Fast Agent Browser
/install fast-agent-browser
Agent Browser Skill
Fast, Python-based browser automation CLI for AI agents
Overview
Agent Browser is a browser automation tool designed for AI agents. It provides a simple CLI interface to control web browsers using Playwright.
Features
- Fast CLI for browser automation
- AI-friendly snapshot command
- Full page interaction (click, fill, type, etc.)
- Semantic element finding (role, text, label, etc.)
- Smart waiting (element, text, URL, network)
- Screenshot and PDF support
- File upload support
- JavaScript execution
- Cookie and storage management
Installation
cd ~/.openclaw/workspace/skills/agent-browser
# Install Python dependencies
pip3 install -r requirements.txt
# Install Playwright browsers
python3 agent_browser.py install
Basic Usage
Open a URL
python3 agent_browser.py open https://example.com
Get Page Snapshot
# Full accessibility tree
python3 agent_browser.py snapshot
# Interactive elements only
python3 agent_browser.py snapshot -i
# Compact output
python3 agent_browser.py snapshot -c
Interact with Elements
# Click element
python3 agent_browser.py click "#submit"
# Fill input field
python3 agent_browser.py fill "#email" "[email protected]"
# Type text
python3 agent_browser.py type "#search" "query"
Get Information
# Get text content
python3 agent_browser.py get_text "#title"
# Get HTML
python3 agent_browser.py get_html "#content"
# Get current URL
python3 agent_browser.py get_url
# Get page title
python3 agent_browser.py get_title
Take Screenshot
# Normal screenshot
python3 agent_browser.py screenshot page.png
# Full page screenshot
python3 agent_browser.py screenshot page.png --full
Wait for Elements
# Wait for element
python3 agent_browser.py wait "#loader" --state hidden
# Wait for text
python3 agent_browser.py wait --text "Welcome"
# Wait for network idle
python3 agent_browser.py wait --load networkidle
Find Elements
# Find by role
python3 agent_browser.py find --role button --name "Submit"
# Find by text
python3 agent_browser.py find --text "Sign In"
# Find by label
python3 agent_browser.py find --label "Email"
Close Browser
python3 agent_browser.py close
Advanced Usage
Form Automation
# Fill form
python3 agent_browser.py fill "#name" "John Doe"

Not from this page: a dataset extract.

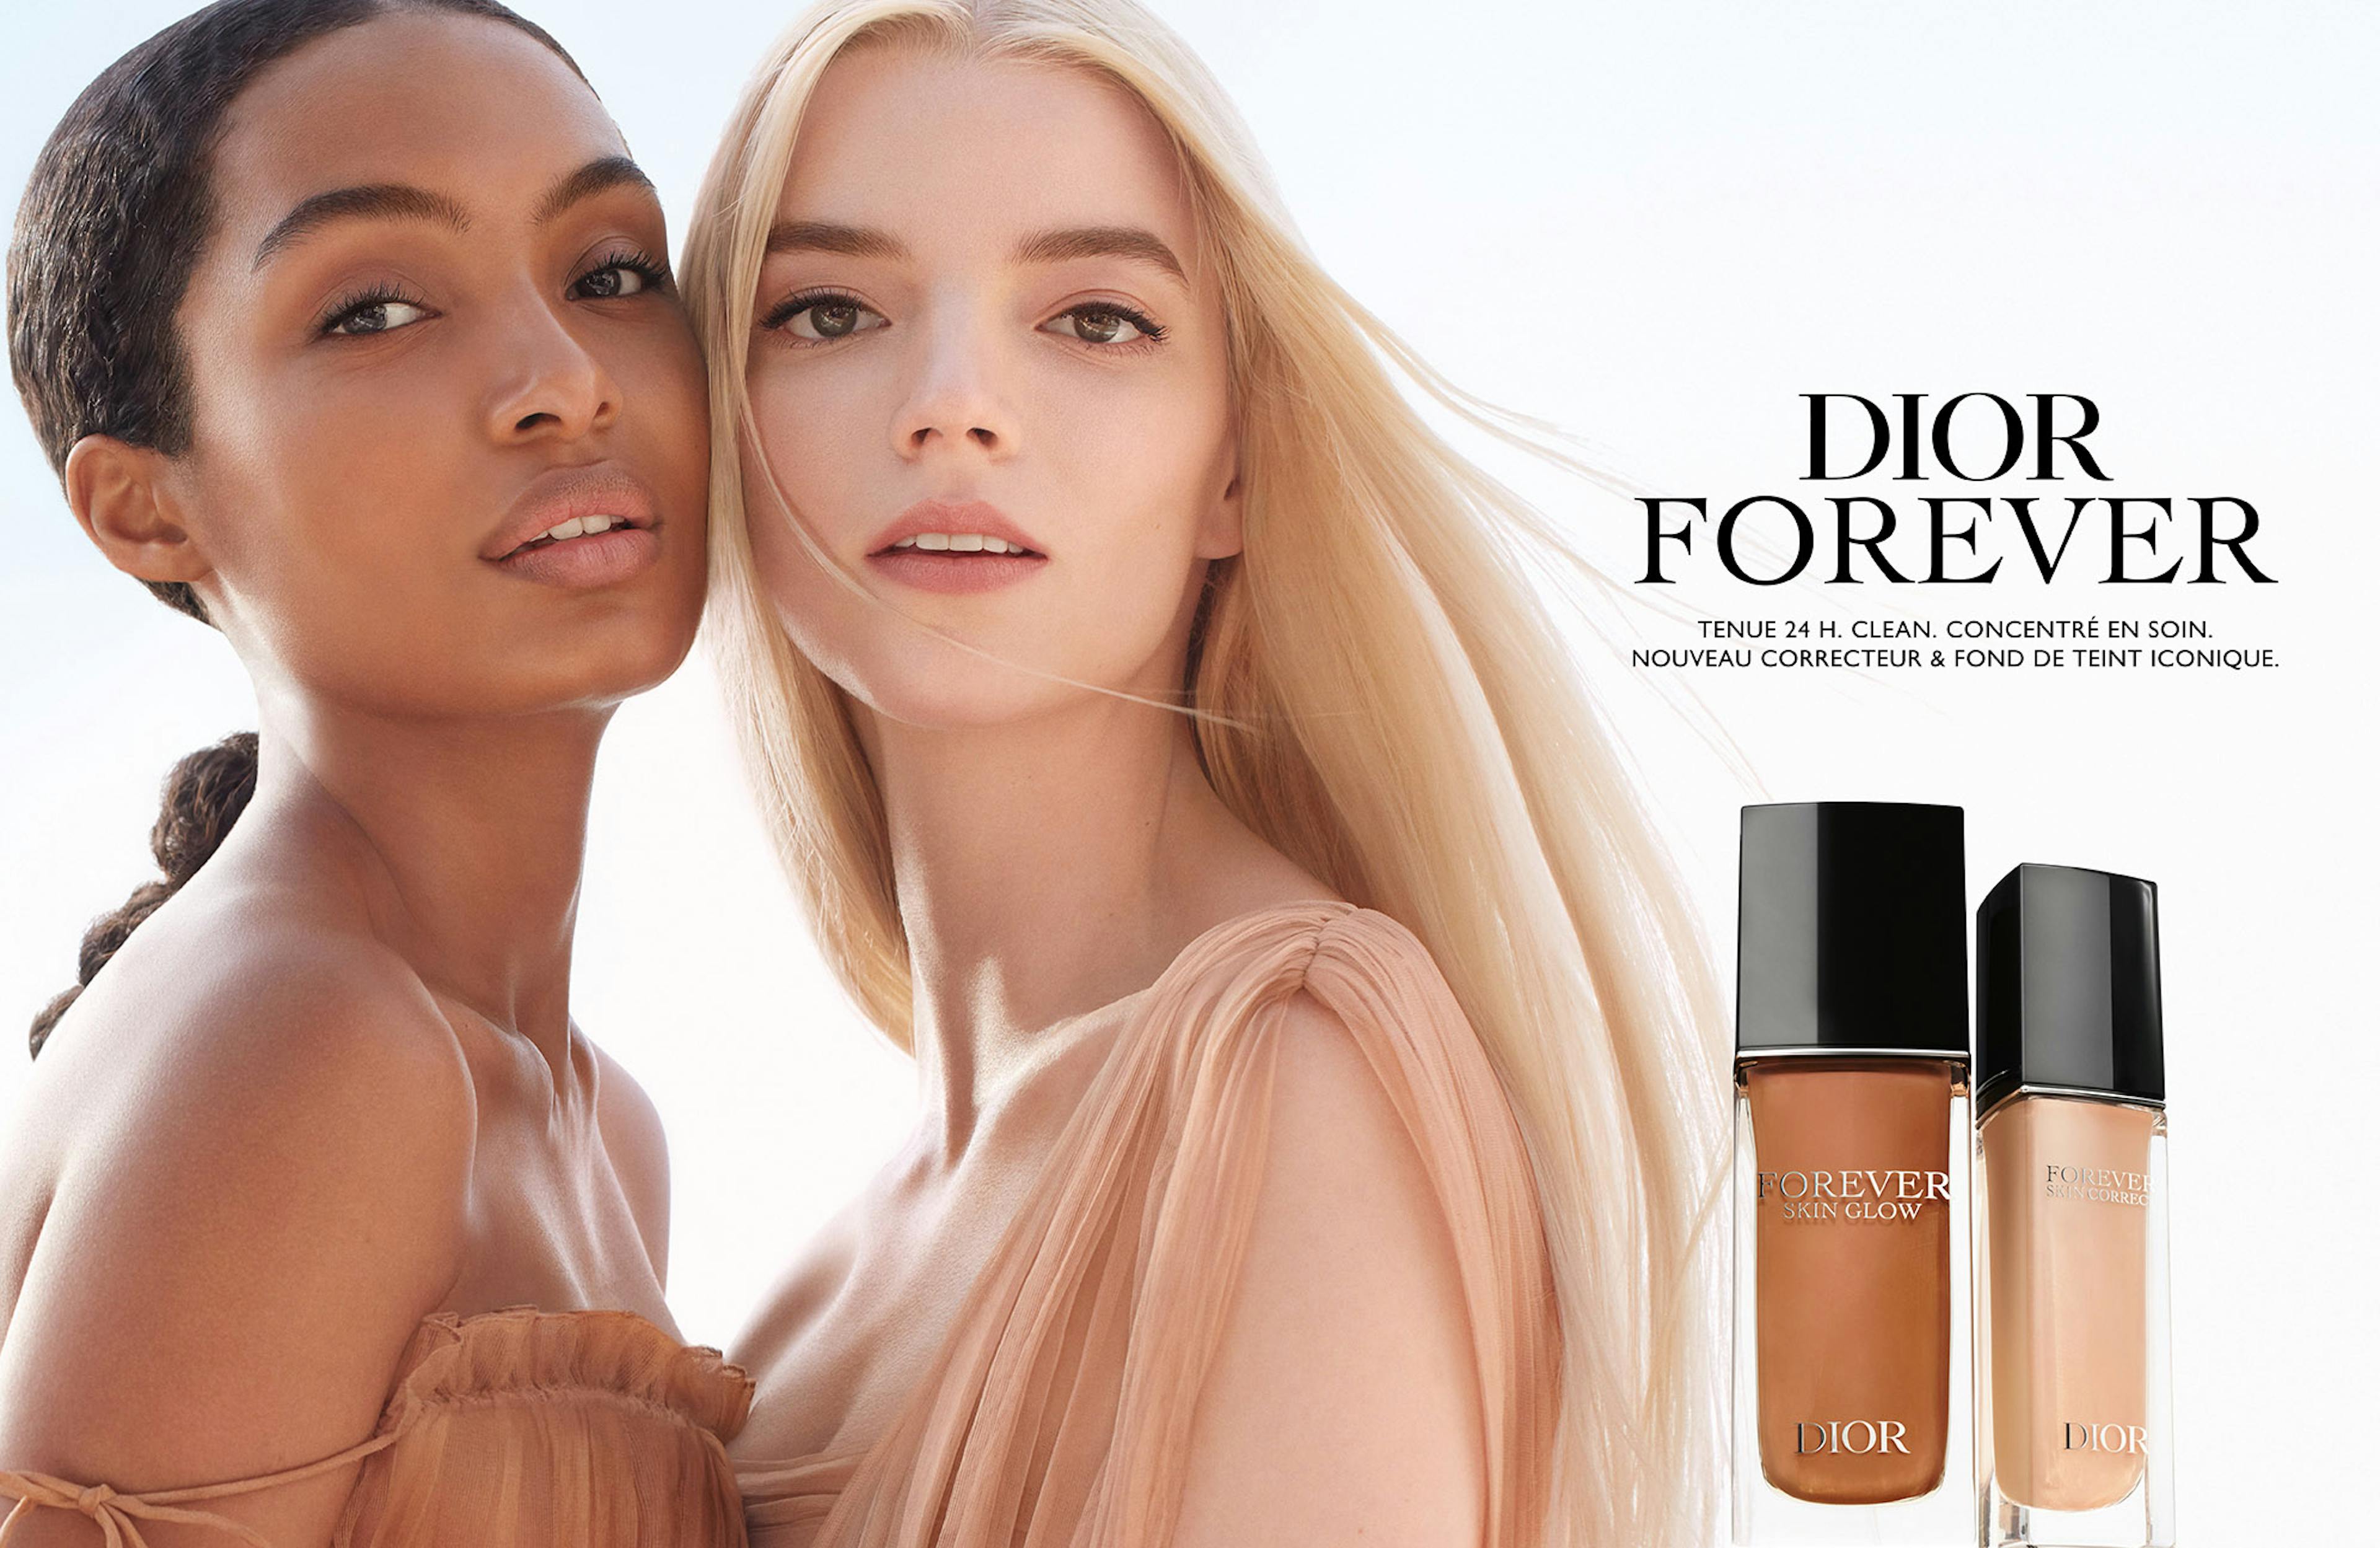 DIOR FOREVER © Parfums Christian Dior

python3 agent_browser.py fill "#email" "[email protected]"
# Select dropdown
python3 agent_browser.py select "#country" "US"
# Check checkbox
python3 agent_browser.py check "#terms"
# Submit form
python3 agent_browser.py click "#submit"
File Upload
python3 agent_browser.py upload "#file" file1.txt file2.txt
Scroll Page
# Scroll down
python3 agent_browser.py scroll down 500
# Scroll up
python3 agent_browser.py scroll up 100
# Scroll element
python3 agent_browser.py scroll down 200 --selector "#main"
Execute JavaScript
python3 agent_browser.py eval "document.title"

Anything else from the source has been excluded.